### DATA SECTION:
• • • •

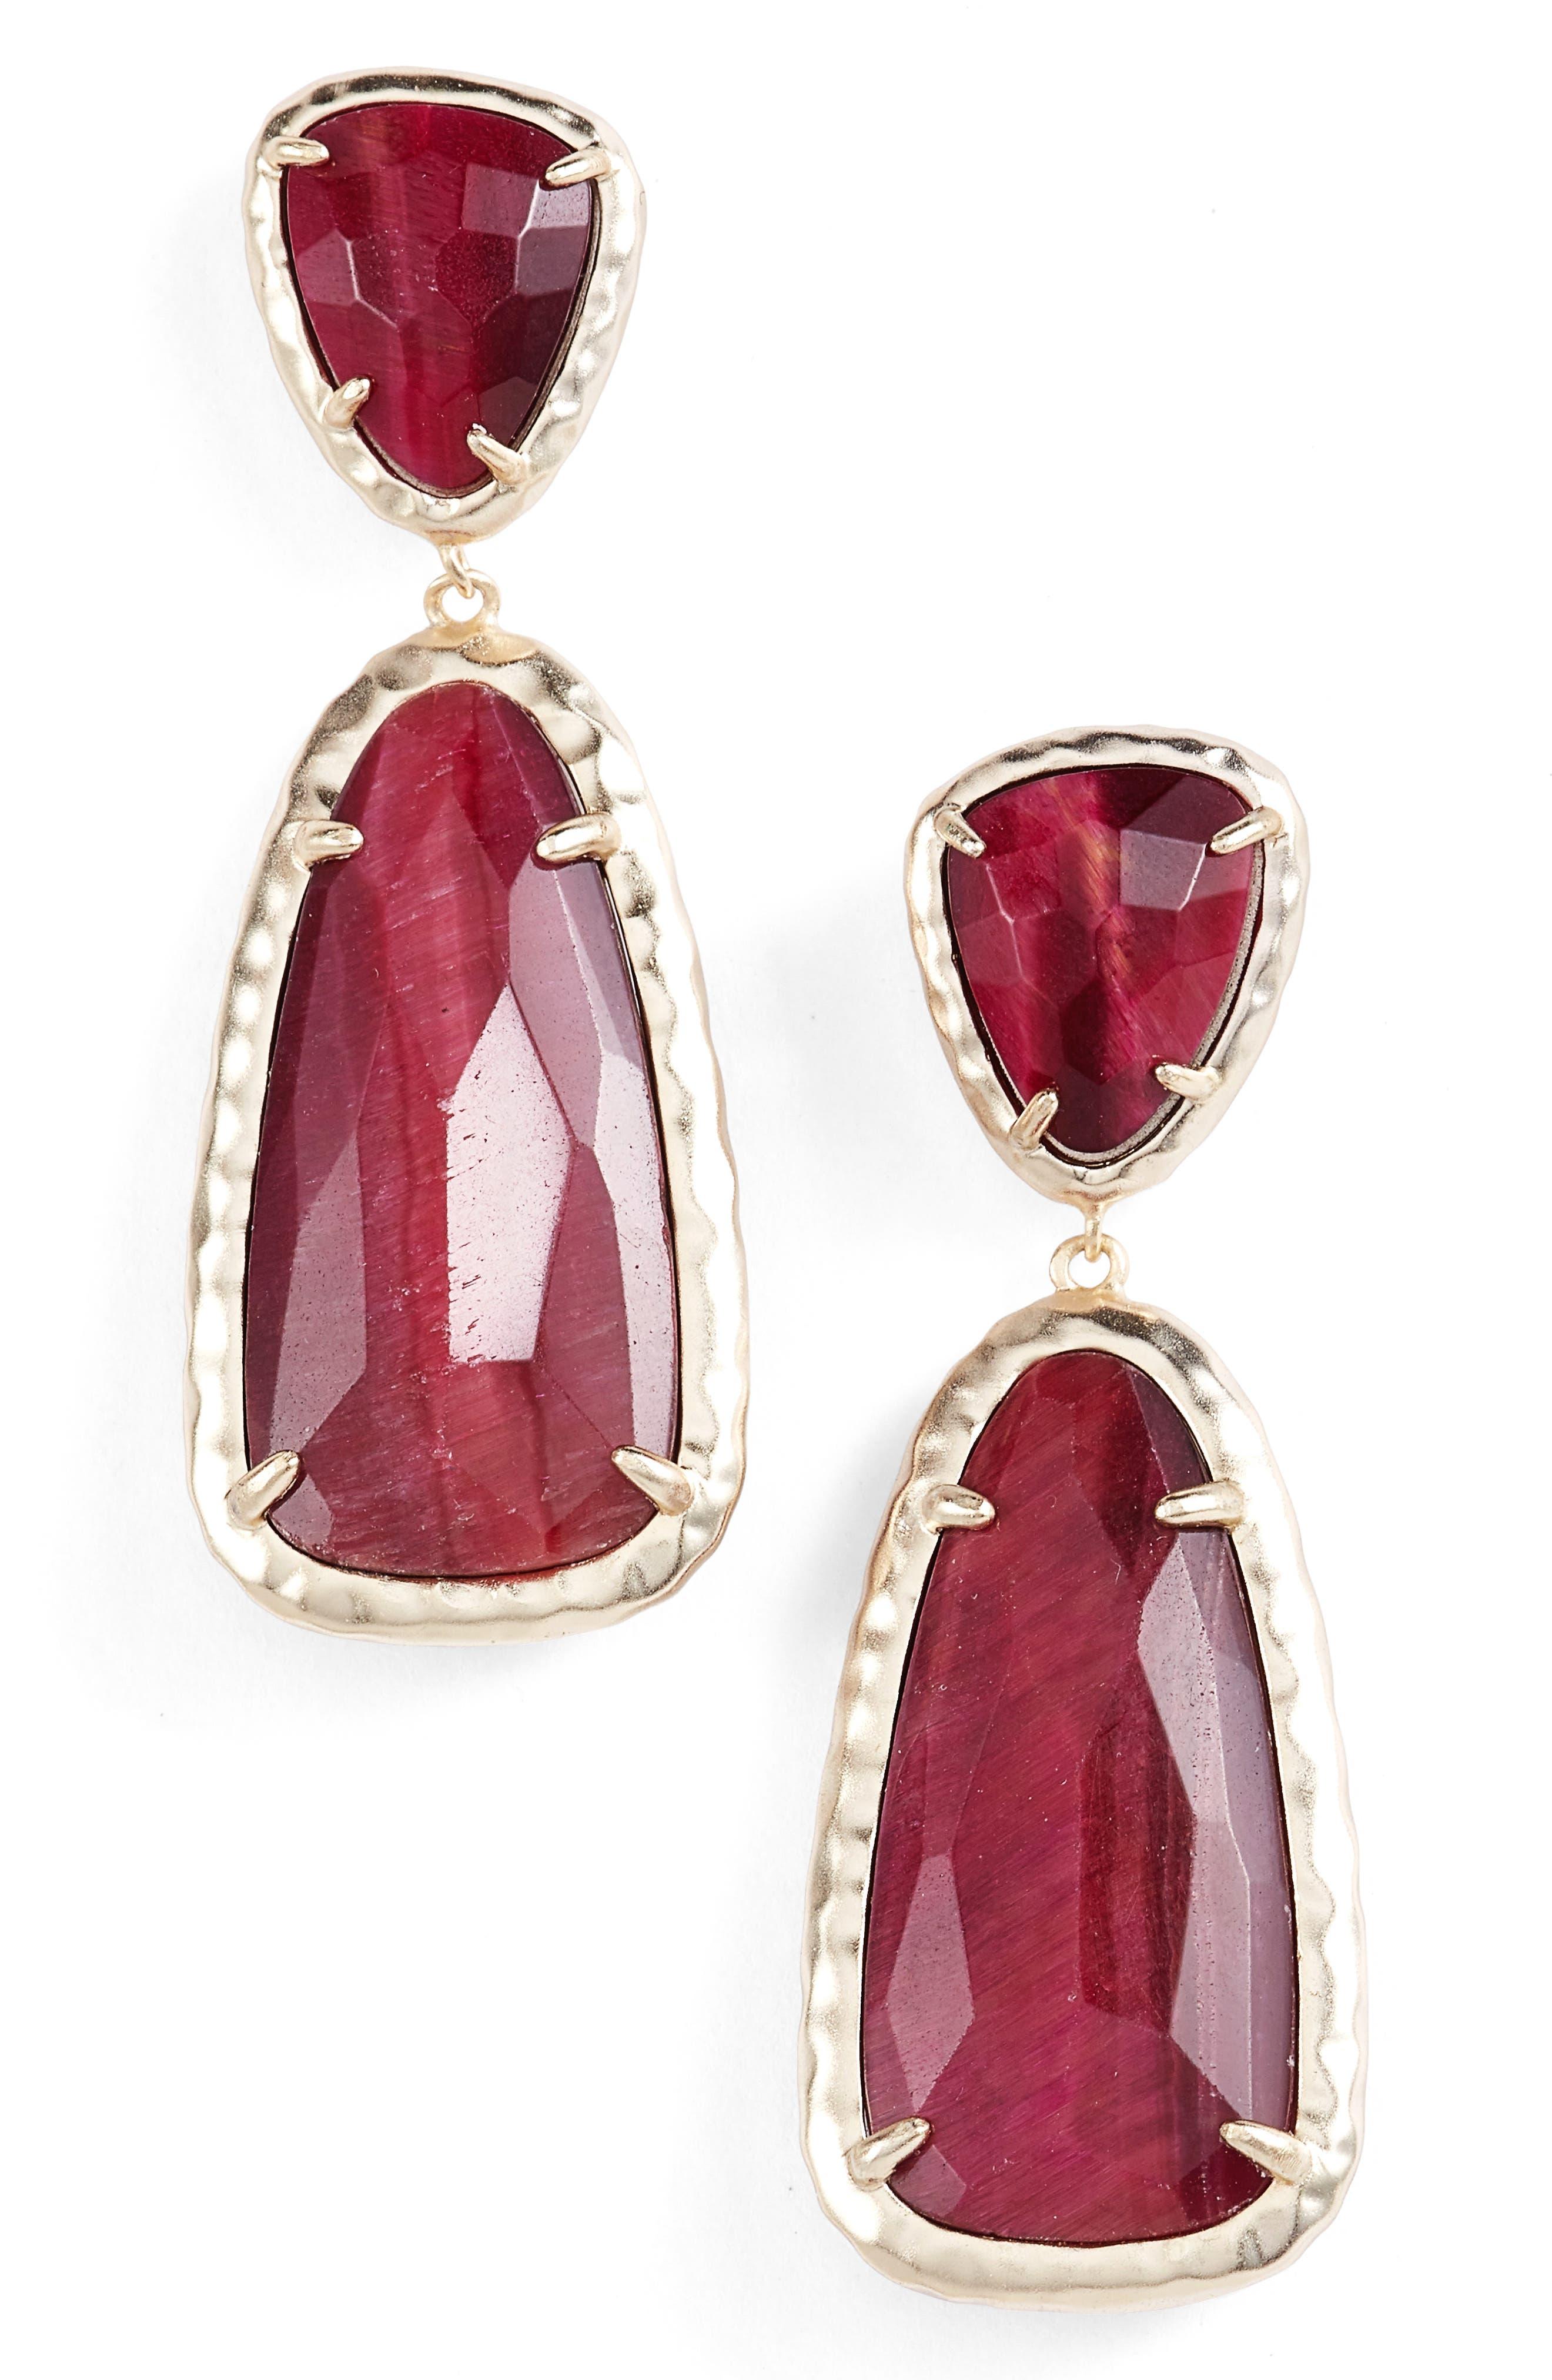 Daria Drop Earrings,                             Main thumbnail 1, color,                             Bordeaux Tiger Eye/ Gold
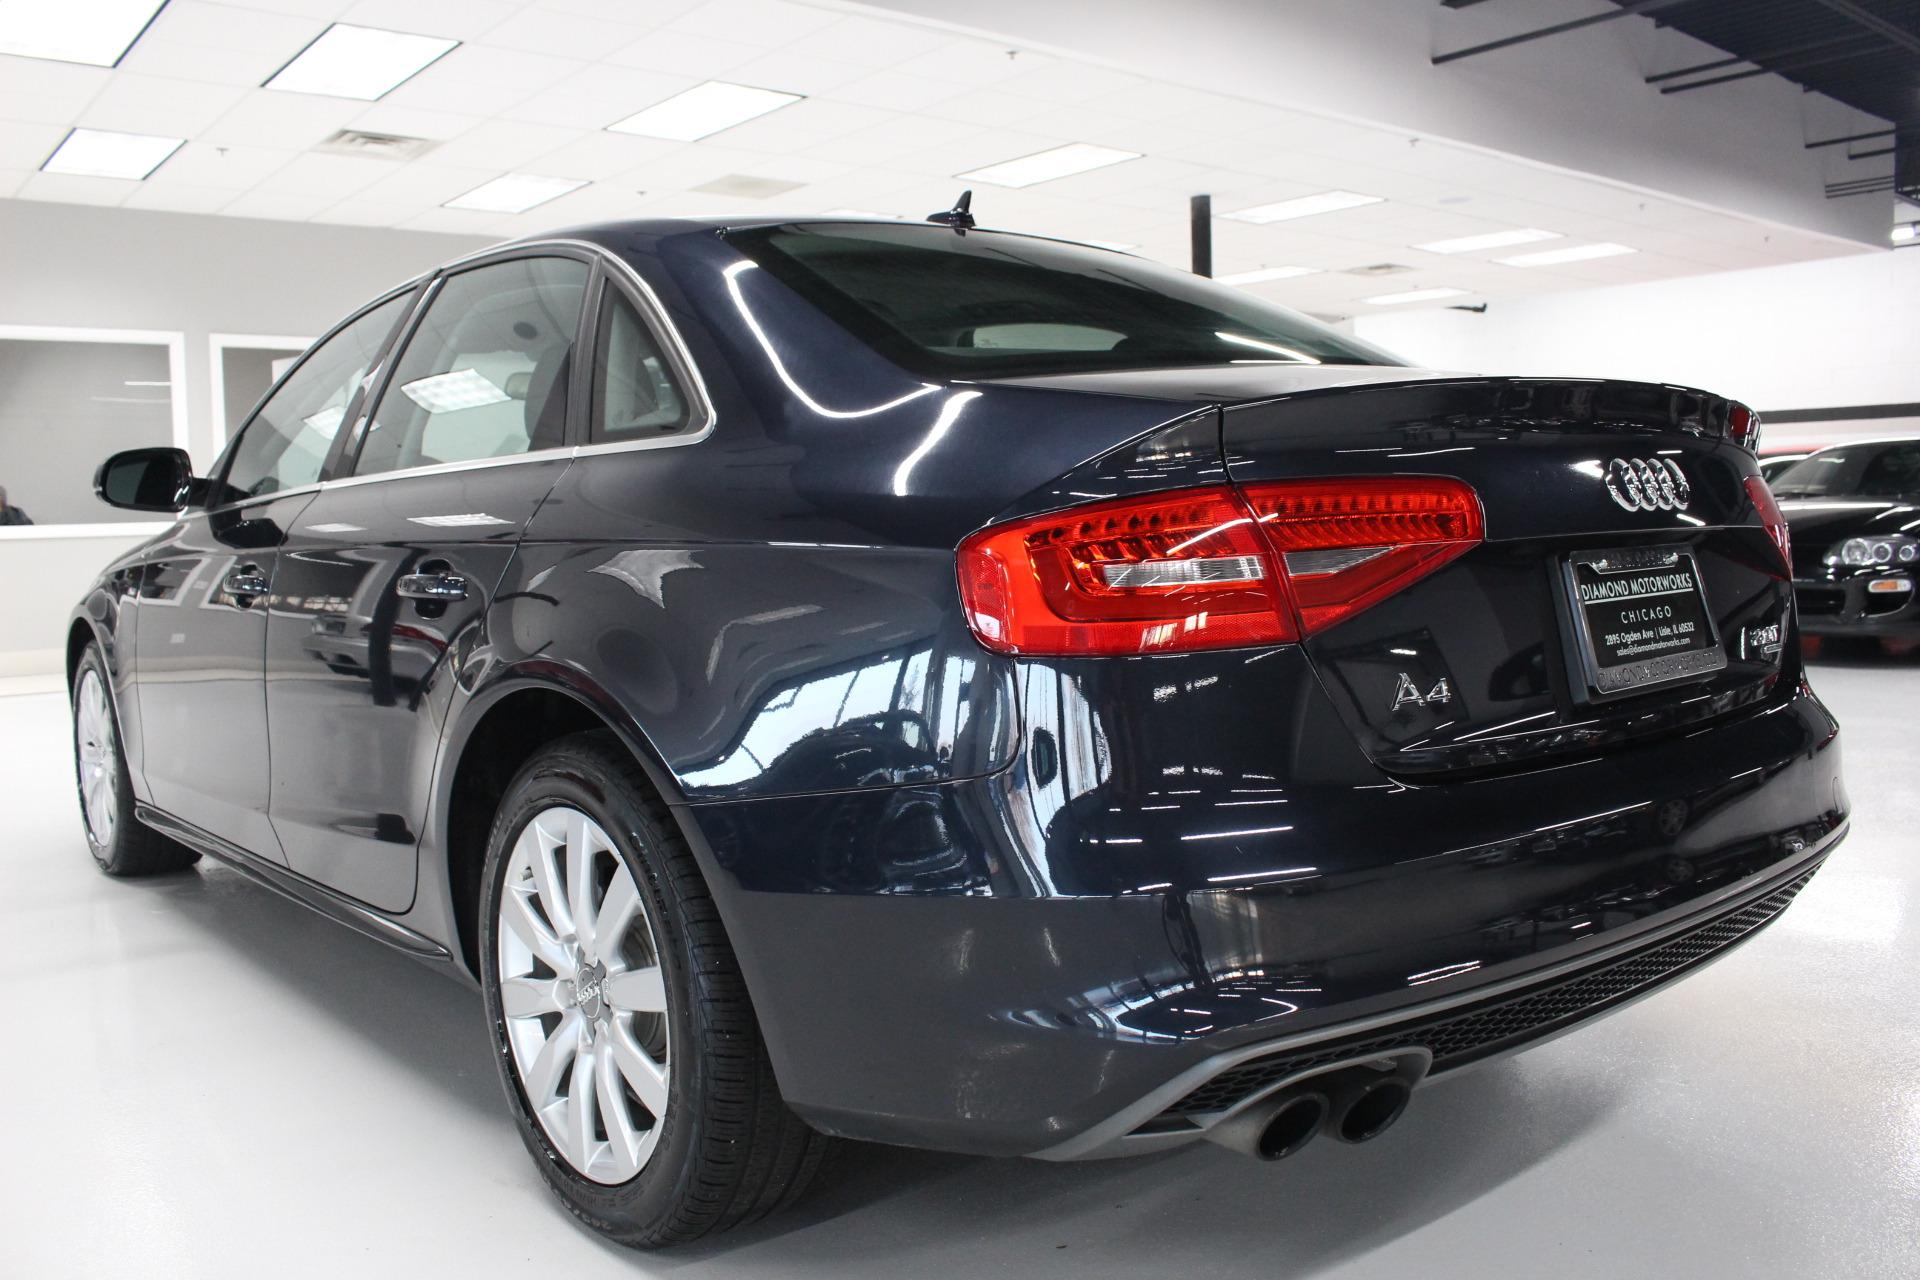 2015 audi a4 4dr sedan manual quattro 2 0t premium stock 017891 rh diamondmotorworks com 2009 Audi A4 Owner's Manual Audi A5 Manual
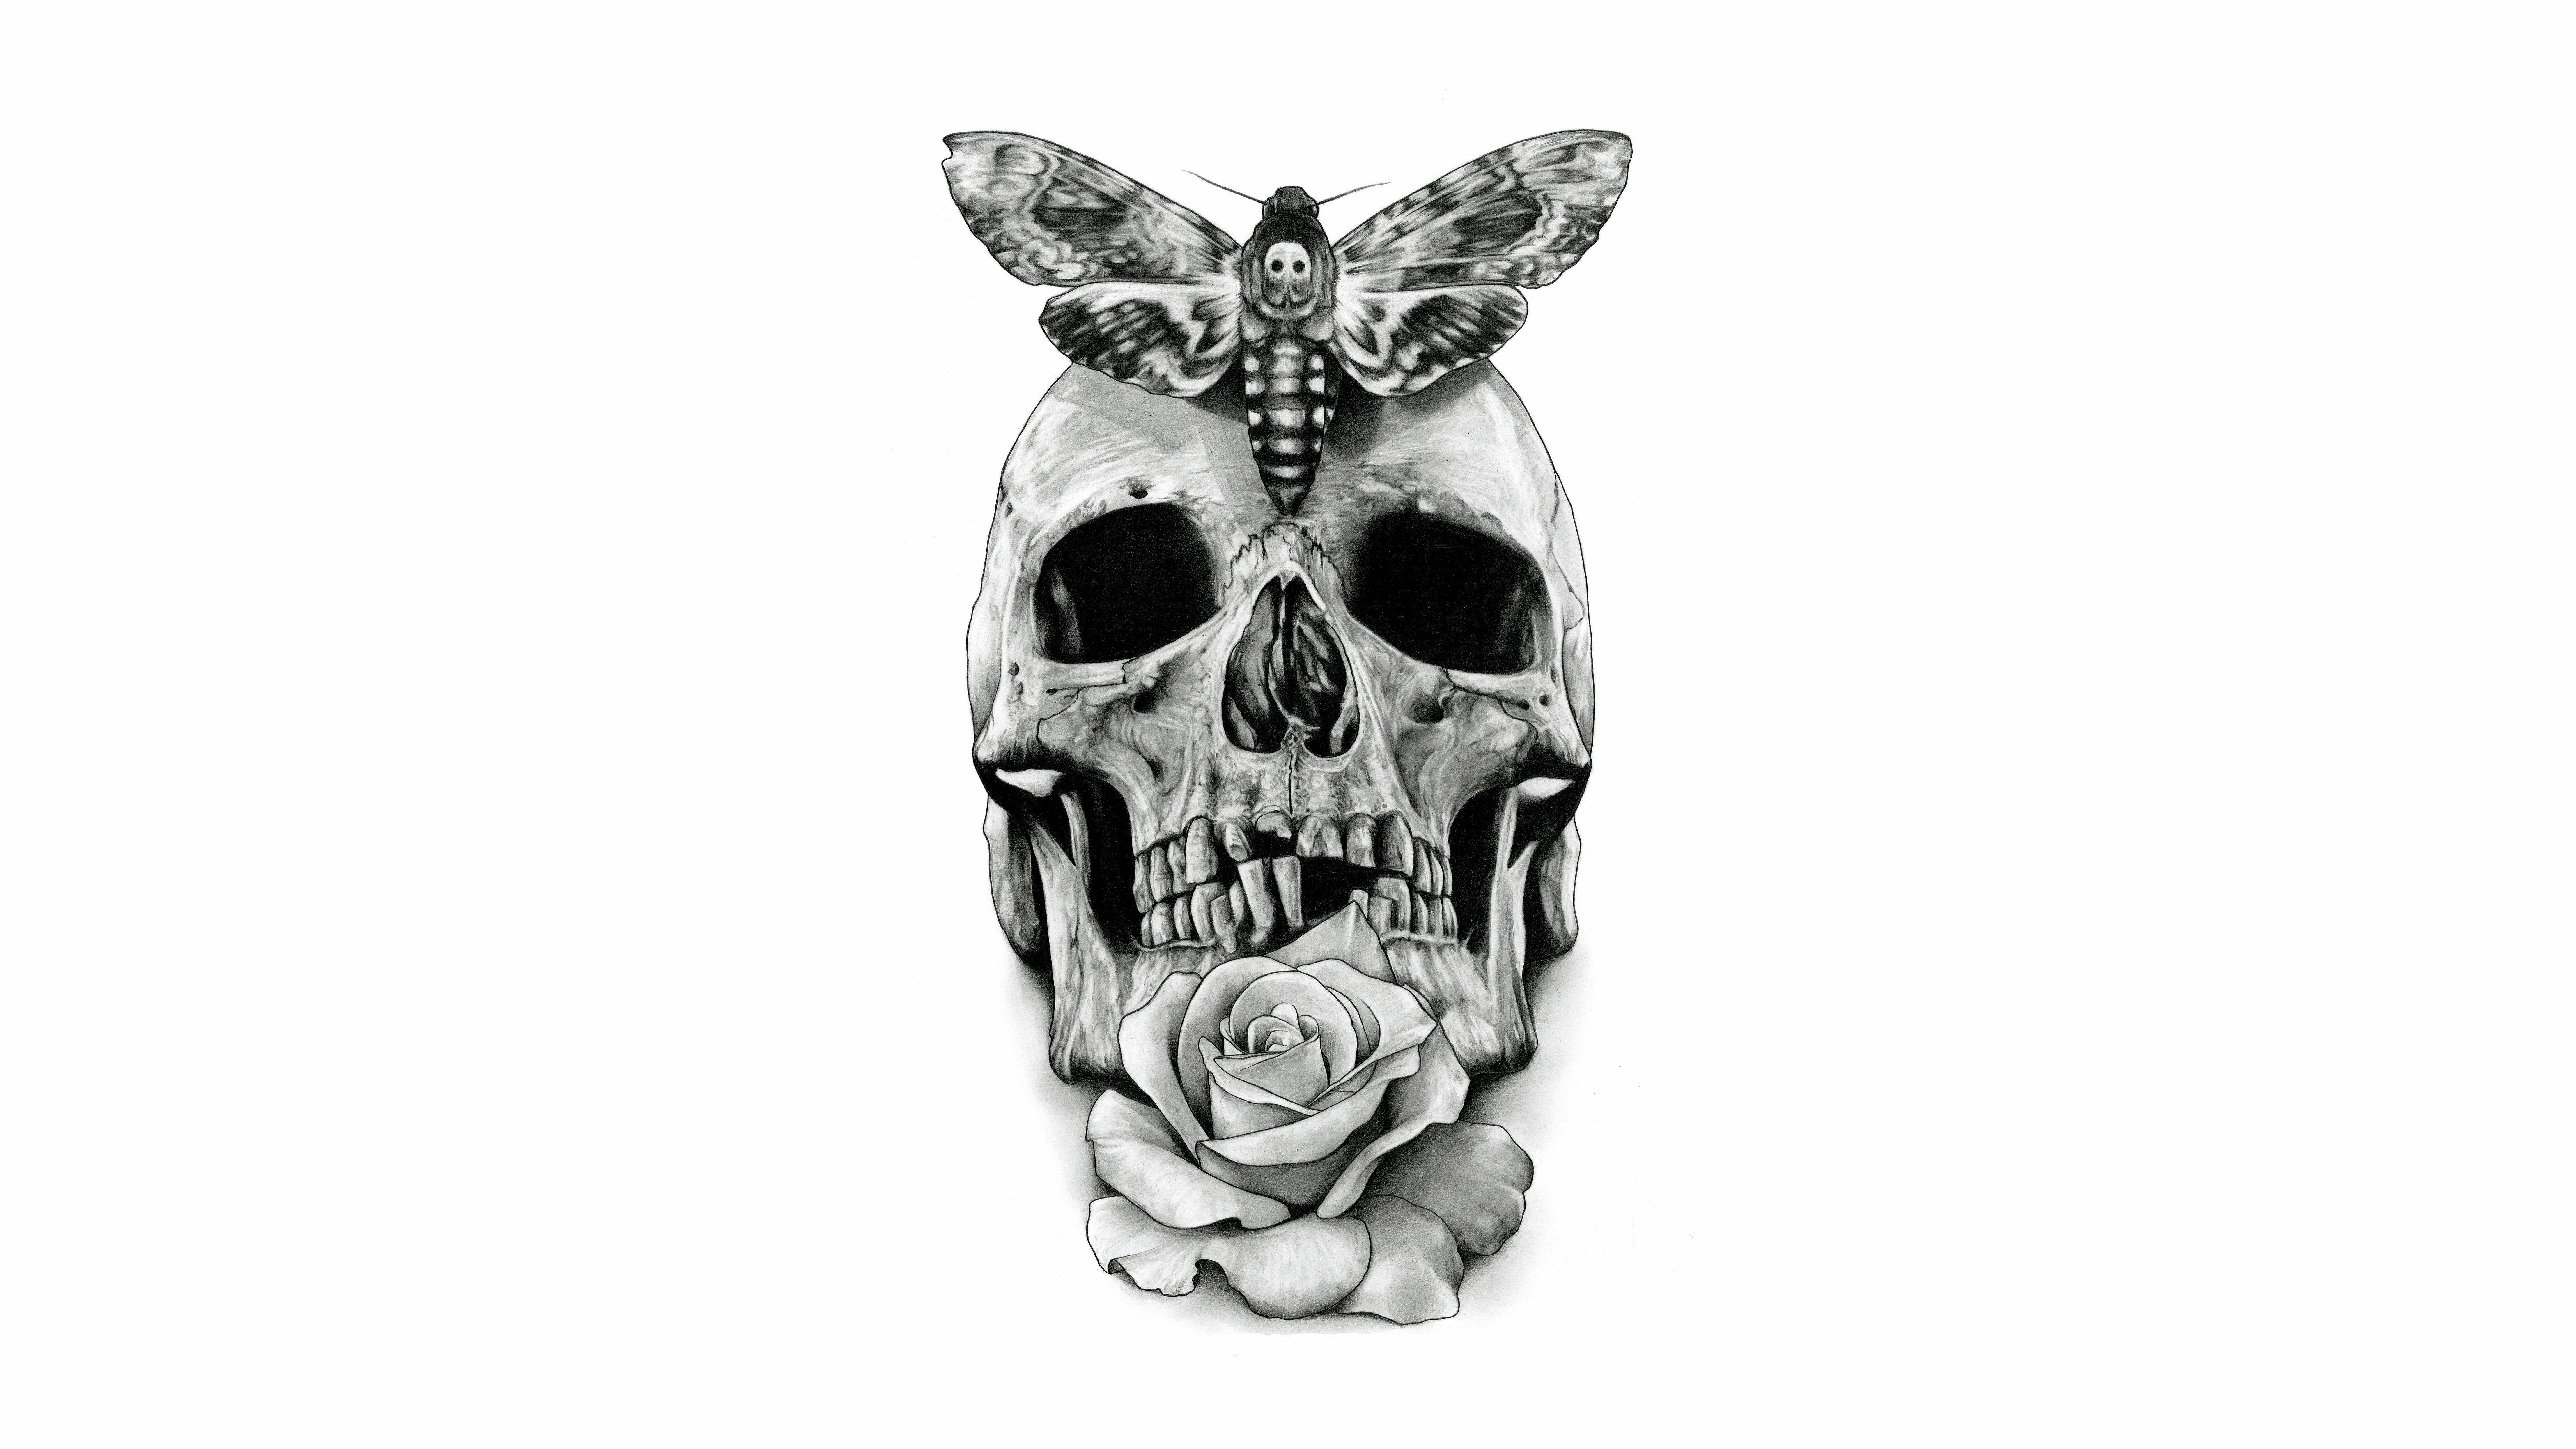 Skull 8k Ultra HD Wallpaper | Background Image | 8850x4977

• • • •

### WHAT THIS TASK INVOLVES:
Could you return exactly the lines starting with the one that contains "2015 audi a4" and ending with the last line of the data above? Leave the pictures out.

### RESULT FOR THIS EXERCISE:
 2015 audi a4 4dr sedan manual quattro 2 0t premium stock 017891 rh diamondmotorworks com 2009 Audi A4 Owner's Manual Audi A5 Manual
 Skull 8k Ultra HD Wallpaper | Background Image | 8850x4977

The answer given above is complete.